» **AVAILABLE DATA**
▬▬▬

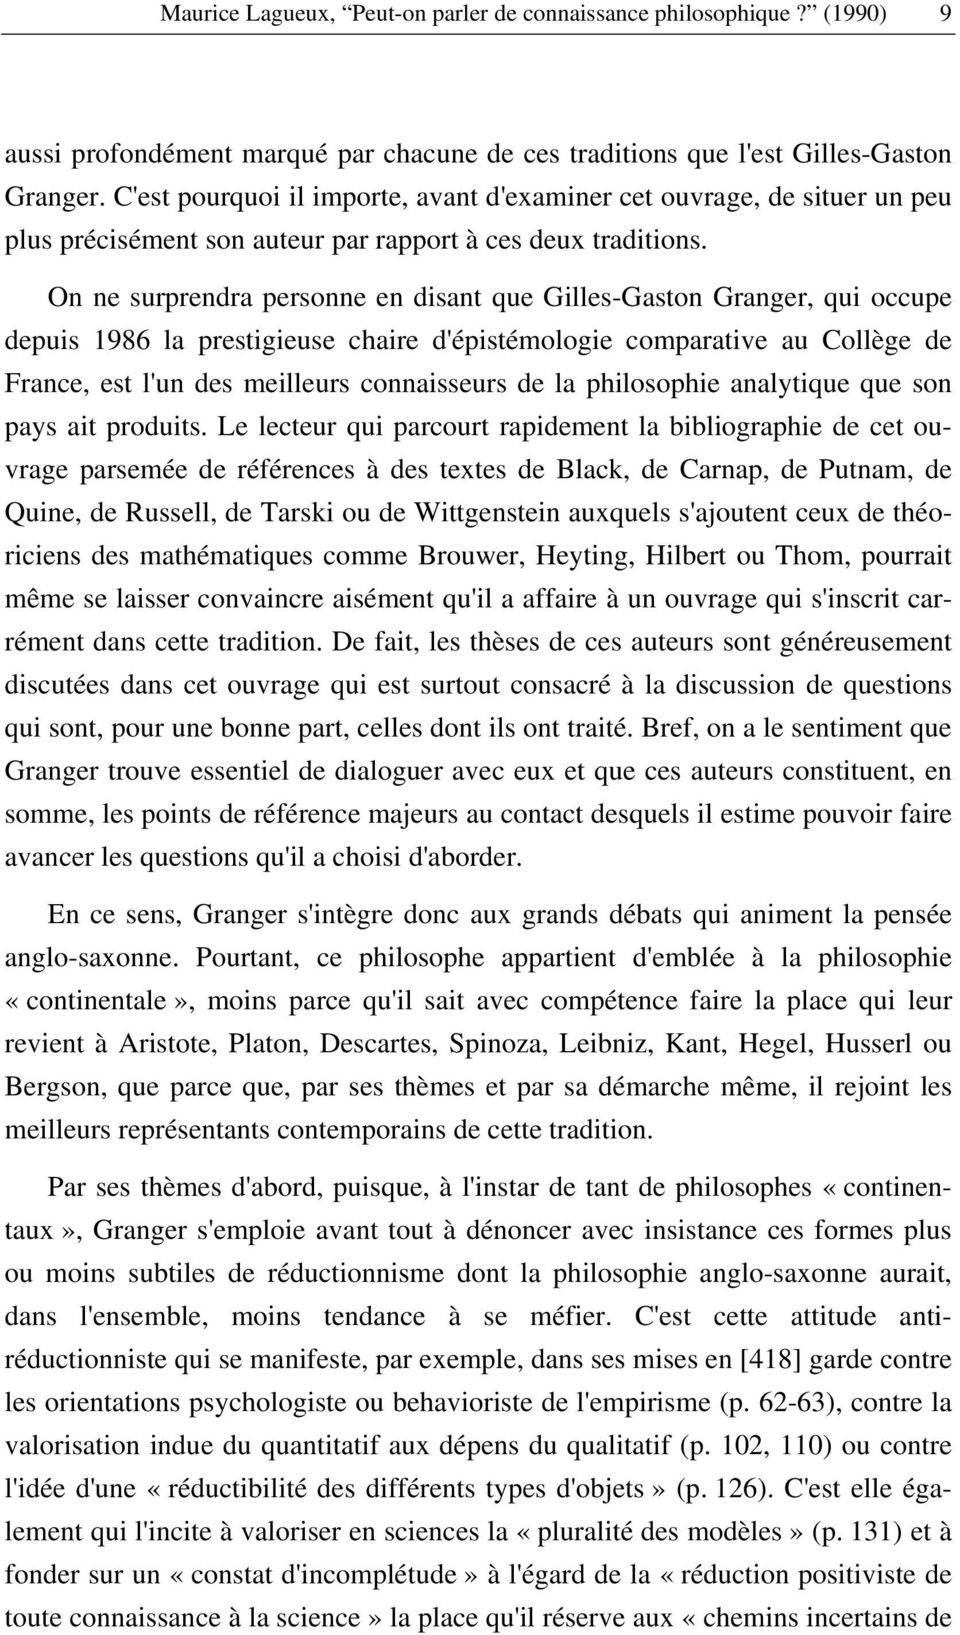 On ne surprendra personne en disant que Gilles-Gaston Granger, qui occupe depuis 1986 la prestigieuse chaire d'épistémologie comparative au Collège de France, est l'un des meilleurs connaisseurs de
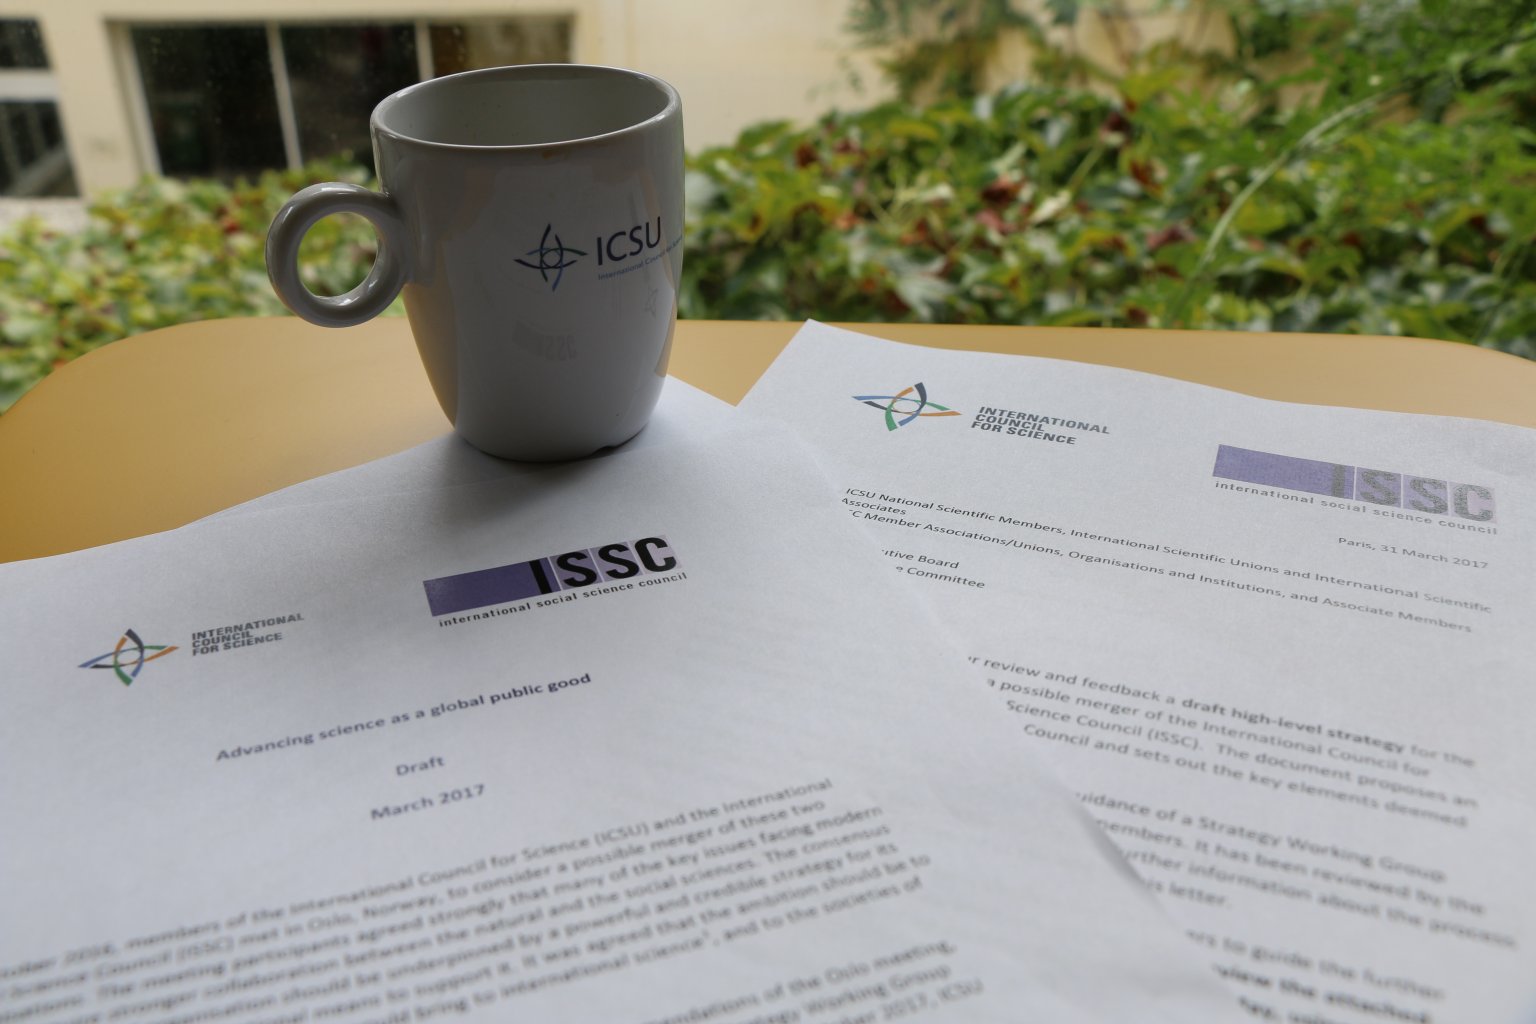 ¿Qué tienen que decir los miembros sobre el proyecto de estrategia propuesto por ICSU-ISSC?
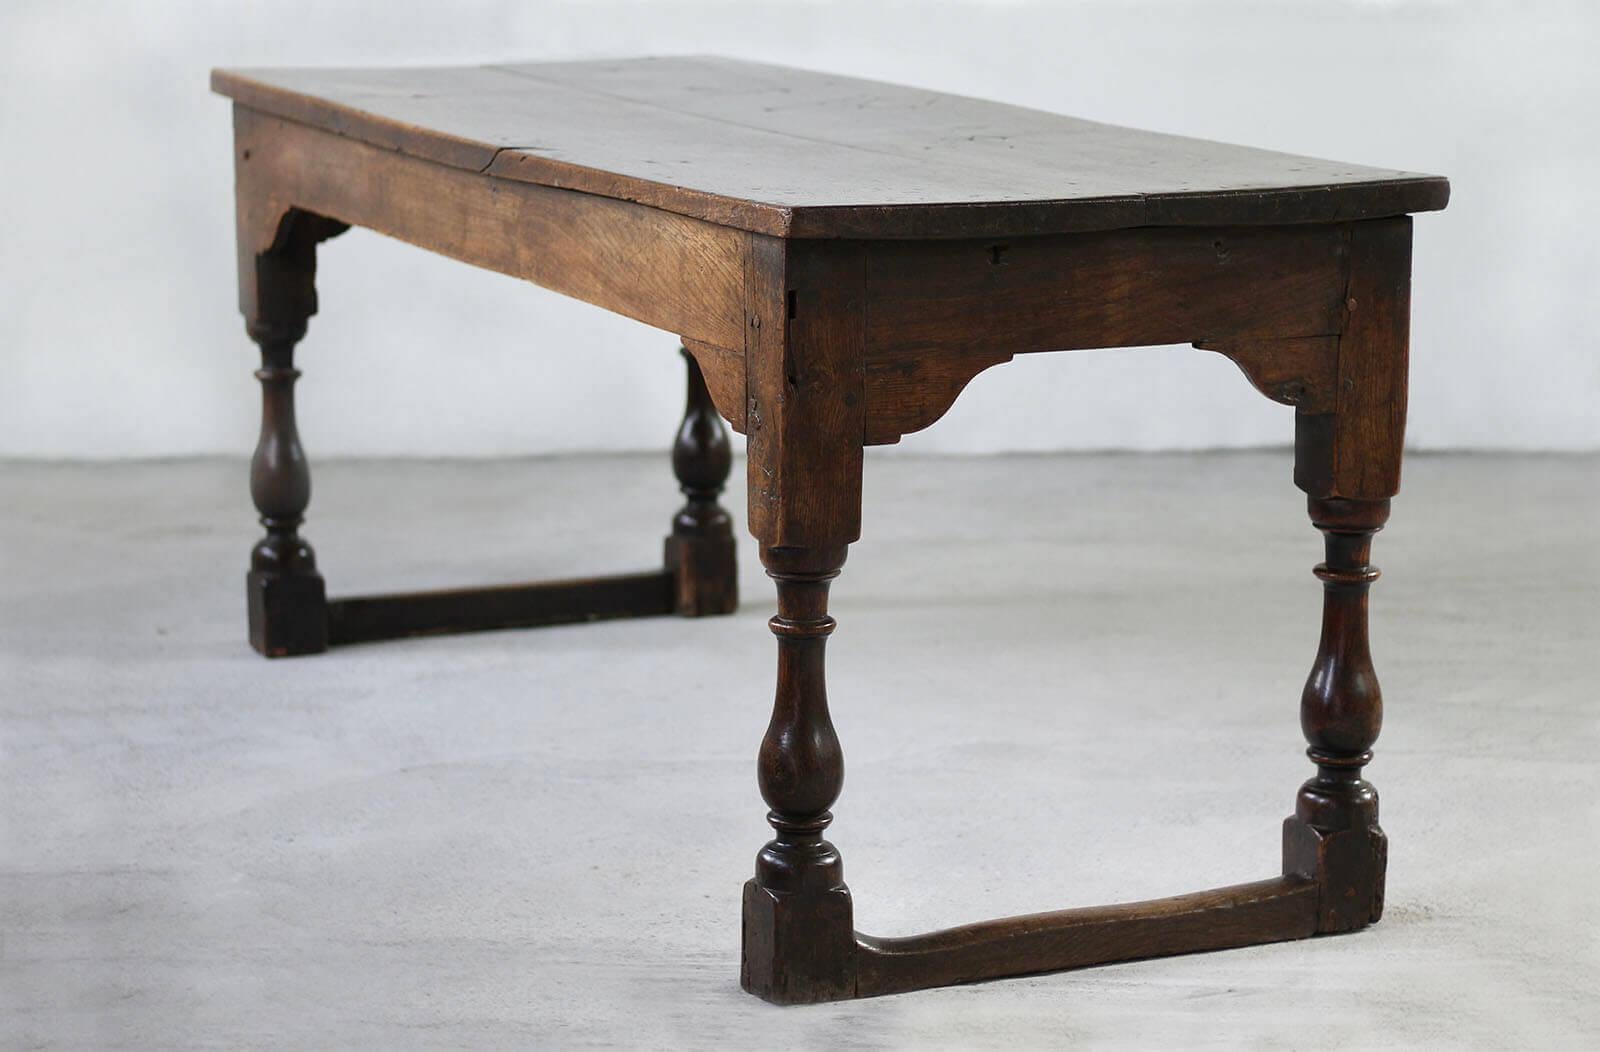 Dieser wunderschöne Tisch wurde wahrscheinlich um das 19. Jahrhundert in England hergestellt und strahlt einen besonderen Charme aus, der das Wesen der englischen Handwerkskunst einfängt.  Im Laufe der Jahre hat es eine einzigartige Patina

▬▬▬

Only an exact copy is wanted: the lines from the opening of the material through the line that has "propuesto por ICSU-ISSC?", minus any pictures.

 On ne surprendra personne en disant que Gilles-Gaston Granger, qui occupe depuis 1986 la prestigieuse chaire d'épistémologie comparative au Collège de France, est l'un des meilleurs connaisseurs de
 ¿Qué tienen que decir los miembros sobre el proyecto de estrategia propuesto por ICSU-ISSC?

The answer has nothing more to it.